That is so peaceful and relaxing. Job well done


KateB said:


> Pond filled up and waterfall running = happy DH! :lol:


----------



## Gweniepooh (Jan 29, 2011)

Oh Julie! The gown and bonnet are exquisite!!! I am speechless!


Lurker 2 said:


> The Gown as far as I can take it, and the bonnet:-


----------



## Sorlenna (Feb 17, 2011)

Lurker 2 said:


> The Gown as far as I can take it, and the bonnet:-


What Gwen said--a stunner!


----------



## Poledra65 (Jul 6, 2011)

thewren said:


> she needs a man in her life and bed. oh my goodness - did i say that. --- sam


 :XD: 
I've been saying that for the lasst two years. Ryssa's helping type.


----------



## Poledra65 (Jul 6, 2011)

darowil said:


> Last time I ate it was over 31 years ago- and it didn't stay down. I was stupid enough to eat it because my husband said I should, but my morning sick stomach didn't approve and made that clear. He has teased me ever since over it but did at least stop trying to tell me what I could eat while pregnant!


It's good going down, not so much coming back up, that's for sure.


----------



## Poledra65 (Jul 6, 2011)

Lurker 2 said:


> The Gown as far as I can take it, and the bonnet:-


Oh Julie, it's just gorgeous!!!


----------



## Lurker 2 (Sep 2, 2011)

budasha said:


> Beautiful!


Thank you, Liz!


----------



## Lurker 2 (Sep 2, 2011)

Gweniepooh said:


> Oh Julie! The gown and bonnet are exquisite!!! I am speechless!


Thank you so much, Gwen!


----------



## Lurker 2 (Sep 2, 2011)

Sorlenna said:


> What Gwen said--a stunner!


Thank you, Sorlenna!


----------



## Lurker 2 (Sep 2, 2011)

Poledra65 said:


> :XD:
> I've been saying that for the lasst two years. Ryssa's helping type.


 :thumbup:


----------



## Lurker 2 (Sep 2, 2011)

Poledra65 said:


> Oh Julie, it's just gorgeous!!!


Thanks Kaye Jo!


----------



## tami_ohio (Mar 22, 2011)

Lurker 2 said:


> The Gown as far as I can take it, and the bonnet:-


Julie, that is a work of art, absolutely gorgeous!


----------



## martina (Jun 24, 2012)

Stunning work, Julie. A true heirloom work of art.


----------



## Lurker 2 (Sep 2, 2011)

tami_ohio said:


> Julie, that is a work of art, absolutely gorgeous!


Thank you Tami!


----------



## Lurker 2 (Sep 2, 2011)

martina said:


> Stunning work, Julie. A true heirloom work of art.

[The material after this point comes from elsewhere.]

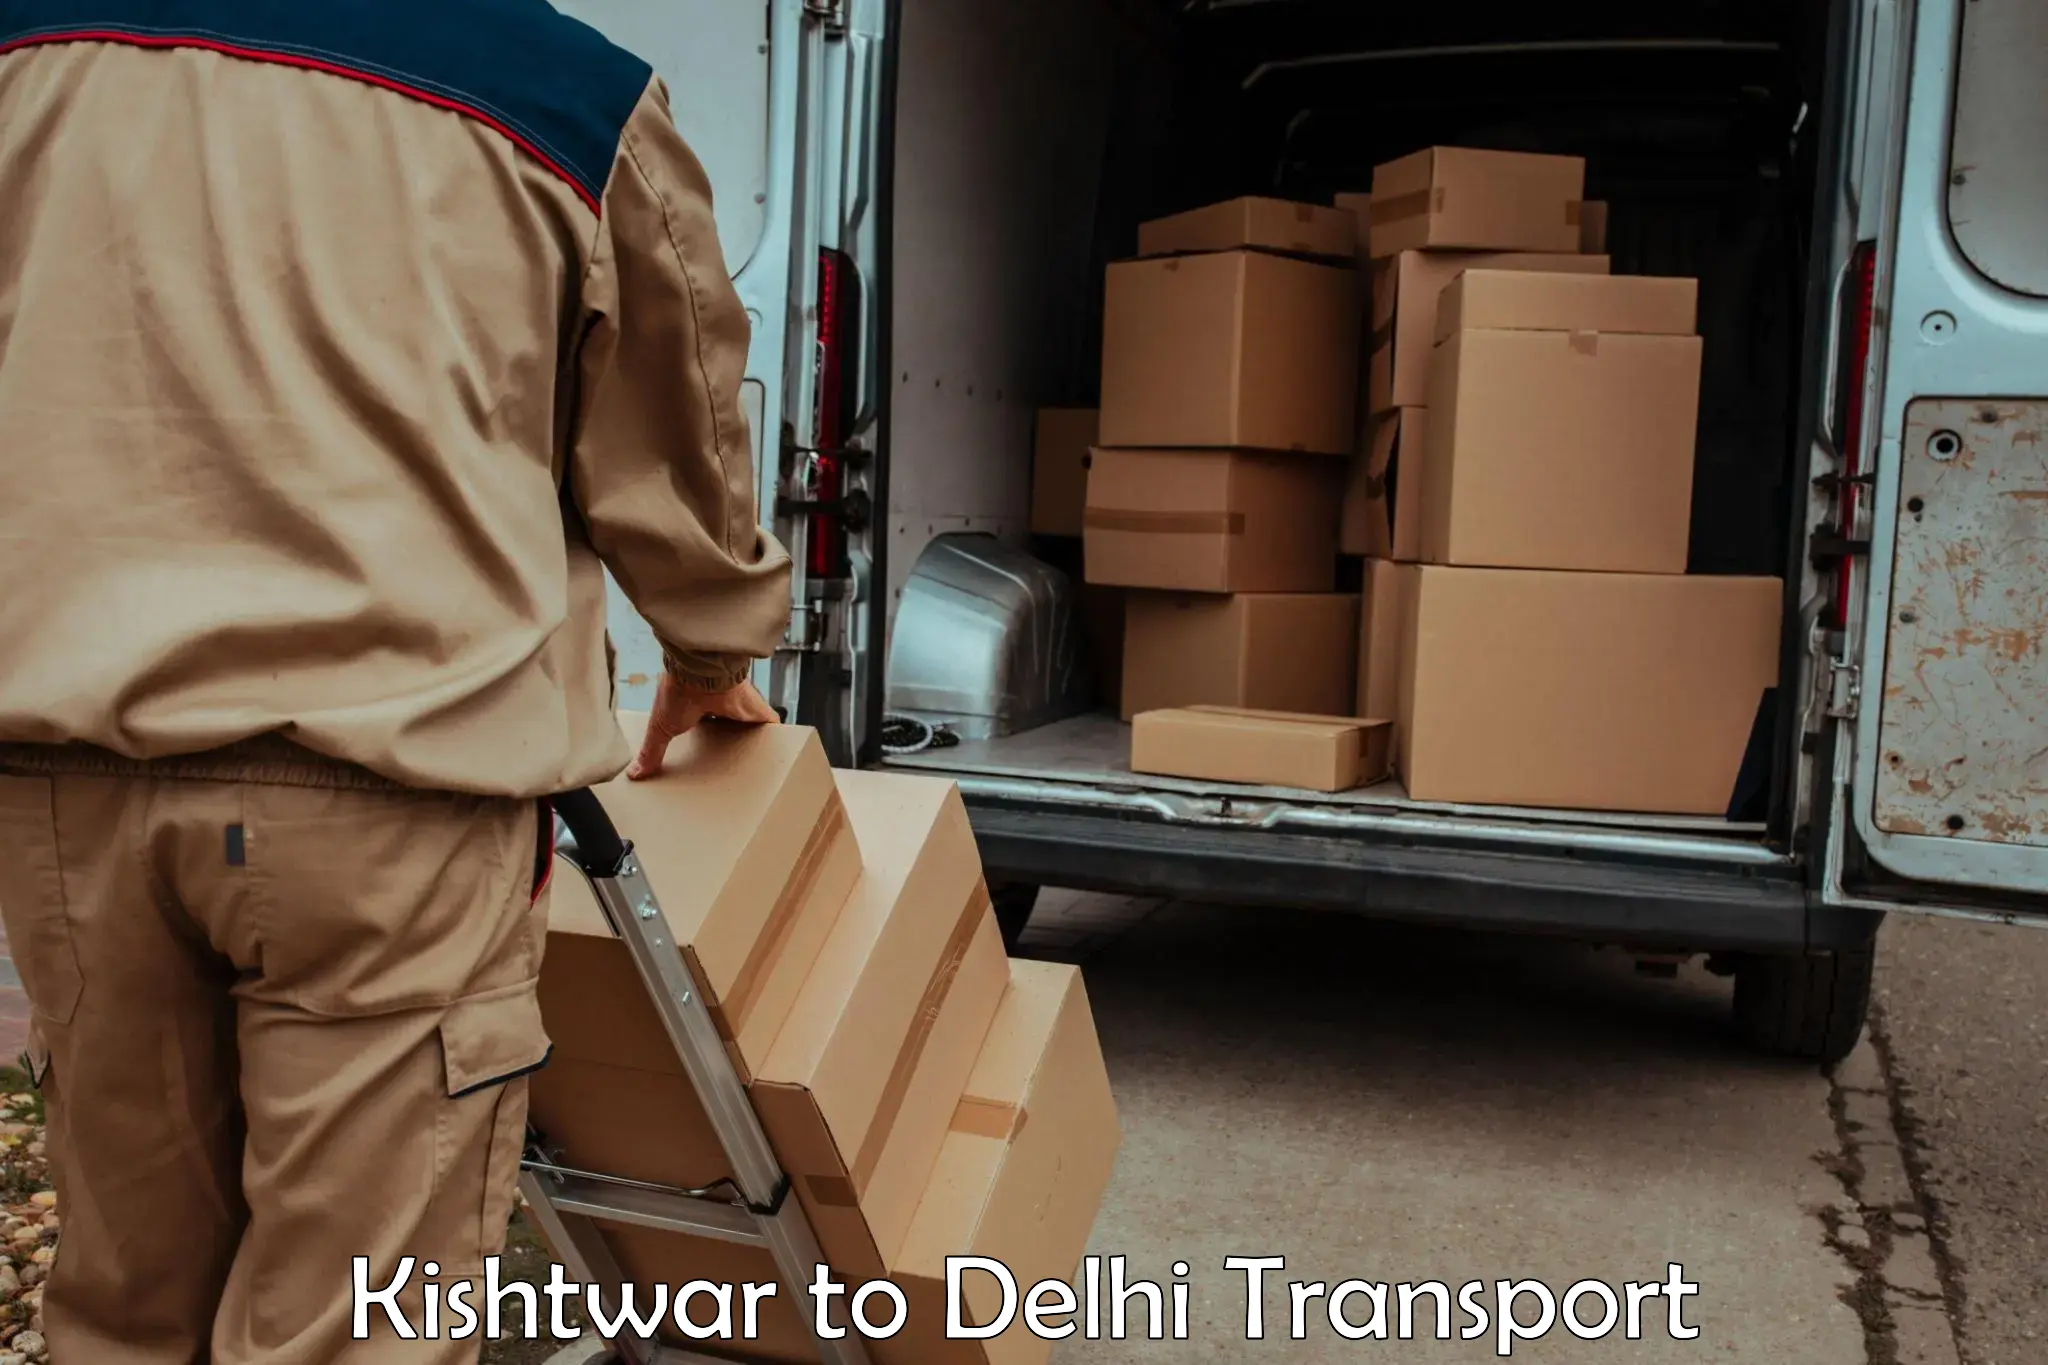 Parcel transport services Kishtwar to NCR

Thank you Martina- you are very kind!


----------



## darowil (Apr 17, 2011)

Lurker 2 said:


> The Gown as far as I can take it, and the bonnet:-


Looks really good Julie- well done. Gather you worked out the placket in the end.
I also saw this on the current tea party but had forgotten I had swapped Tea Parties or I wouldn't have bothered to comment. 
But was reading on the ipad and not signed in, now on the computer but about to get ready to go to the football so figured I would get the quick emails done and leave the long Tea Party until this evening.


----------



## Lurker 2 (Sep 2, 2011)

darowil said:


> Looks really good Julie- well done. Gather you worked out the placket in the end.
> I also saw this on the current tea party but had forgotten I had swapped Tea Parties or I wouldn't have bothered to comment.
> But was reading on the ipad and not signed in, now on the computer but about to get ready to go to the football so figured I would get the quick emails done and leave the long Tea Party until this evening.


Thanks, Margaret! Yes I got the placket to a point of acceptable.


----------



## sugarsugar (Dec 26, 2012)

KateB said:


> Right now it's actually quite warm 16C/60F (well, for us!) although we have had a couple of light showers too. I should really go and sit outside while the sun's out, but DH is strimmering so he must be about to cut the grass....I'll stay in here!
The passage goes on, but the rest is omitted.